When to use: With smaller databases, and in environments where the database outages during backup and restore periods can be tolerated.
Hot backup. Most modern database products include a mechanism to back up a live running database. A database command informs the application that a backup is being performed. Then the database does a checkpoint and all subsequent transactions are maintained in one or more log files. The database containers and the log files form a coherent entity that you can use to do a restore. Utilities such as Oracle's RMAN manage this process.
What such utilities don't do is manage tape volumes or manage schedules. That's why backup software vendors have created database-specific backup modules to provide a conduit between the database vendors' backup API and their own backup software (see "How database backup modules work").

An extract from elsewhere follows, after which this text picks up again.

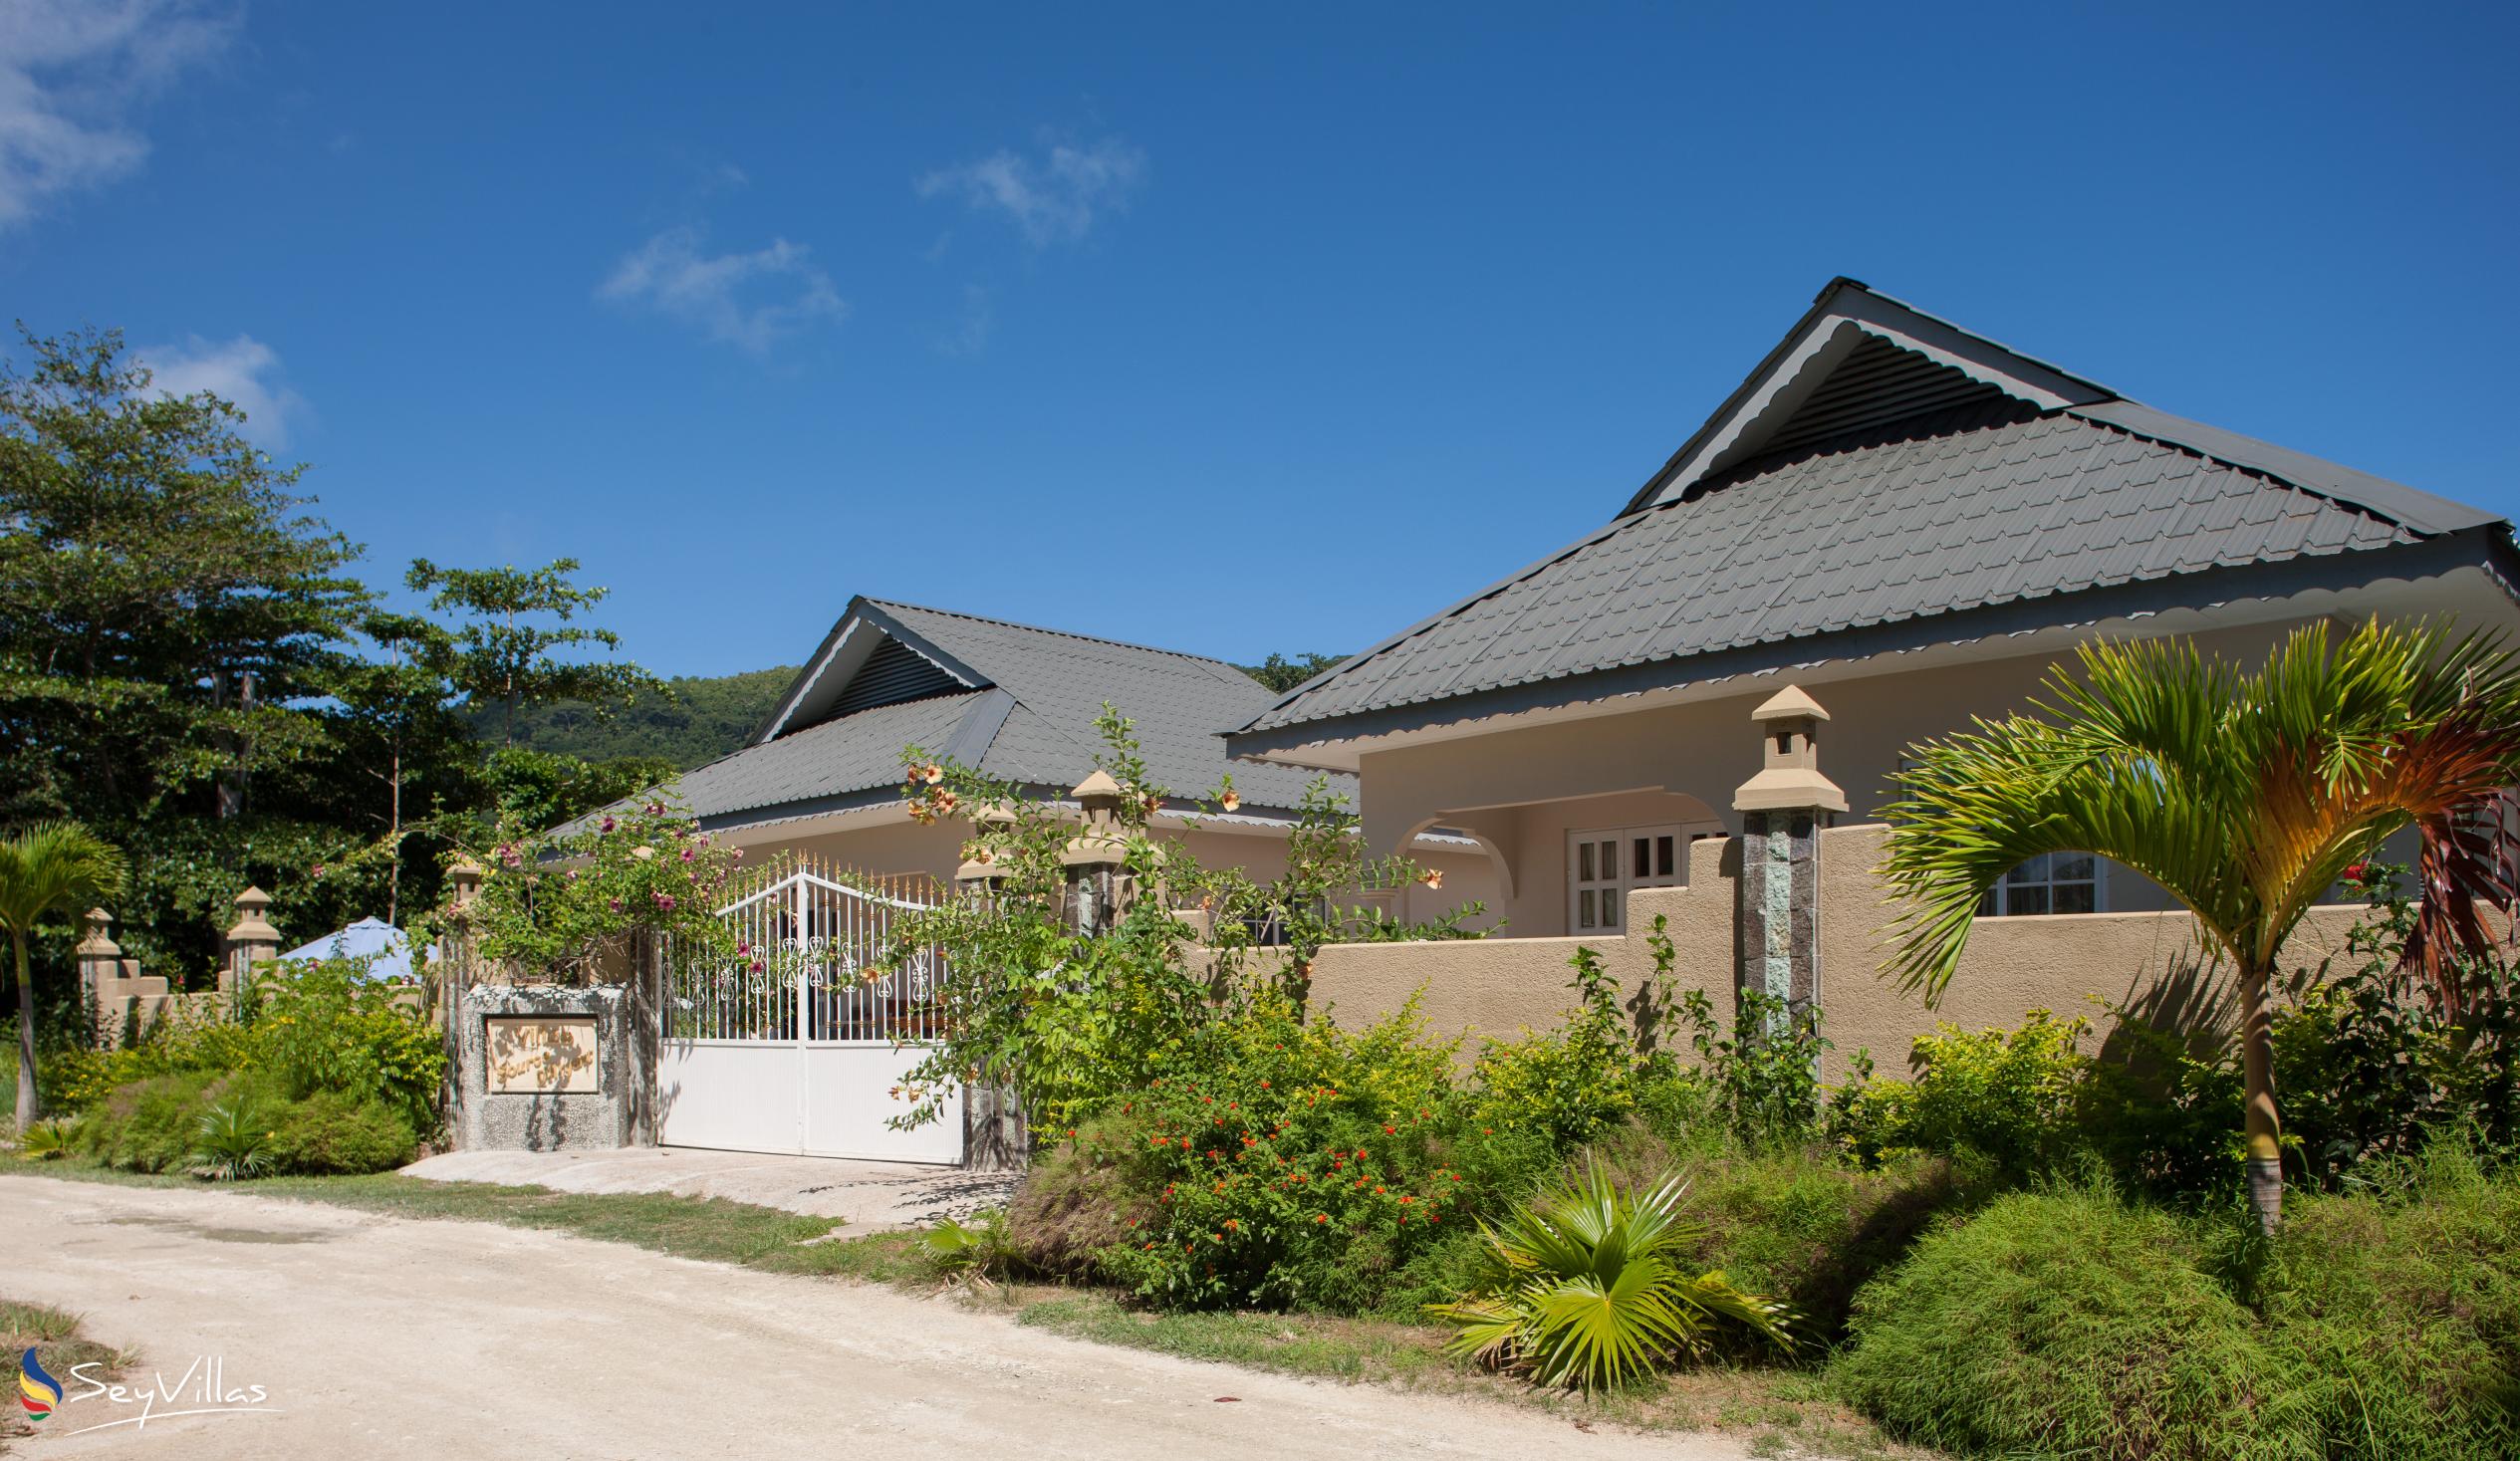 Photo 4: Villa Source D'Argent - Outdoor area - La Digue (Seychelles)

The good news is that the database is always available during backup. Also, after the initial configuration, management of backup and recovery processes become one-step operations, because the backup utility is aware of the physical objects and logs required for a particular data set. The bad news is that it can still be timeconsuming to perform backups and restores.
When to use: In moderate to low transaction rate environments, where the database needs to be accessed throughout the day and the downtime associated with tape recovery is acceptable.
Split mirror/snapshot. The database is placed into hot backup mode, the split command is issued and the database is removed from hot backup mode. This happens in a matter of seconds. The volume copy is mounted and backed up independently of the database. The logs can also be backed up for point-in-time backup.
The database is always available during backup, and is only placed in a degraded mode momentarily. Split mirrors are exportable to other servers, enabling backups independently of the production database environment. If the split mirror is still available, restores can be done by simply reversing the direction of the synchronization process.
However, the added cost of hardware and software can be significant. Also, the initial scripting of the split mirror process and the ensuing change control process can become quite complex. Additionally, if a restore from tape is ever required, it is a multistage process that is often not understood and can be complex.
When to use: Large, high-transaction databases, and in other environments where the fastest recoverability is needed, and where performance impact of backups must be minimized.
A hybrid approach used in some environments is to do hot backups daily, but also to periodically perform a cold or logical backup to add an additional measure of recoverability. You can also employ a variety of strategies using multiple levels of split mirrors or snapshots with hot or cold backups. Incorporating replication technologies with one or more backup methods is also becoming a more common approach to addressing database backup/recovery issues.
As technology evolves, new approaches will emerge to address this vital data management issue. I'll be looking forward to evaluating and reporting on them.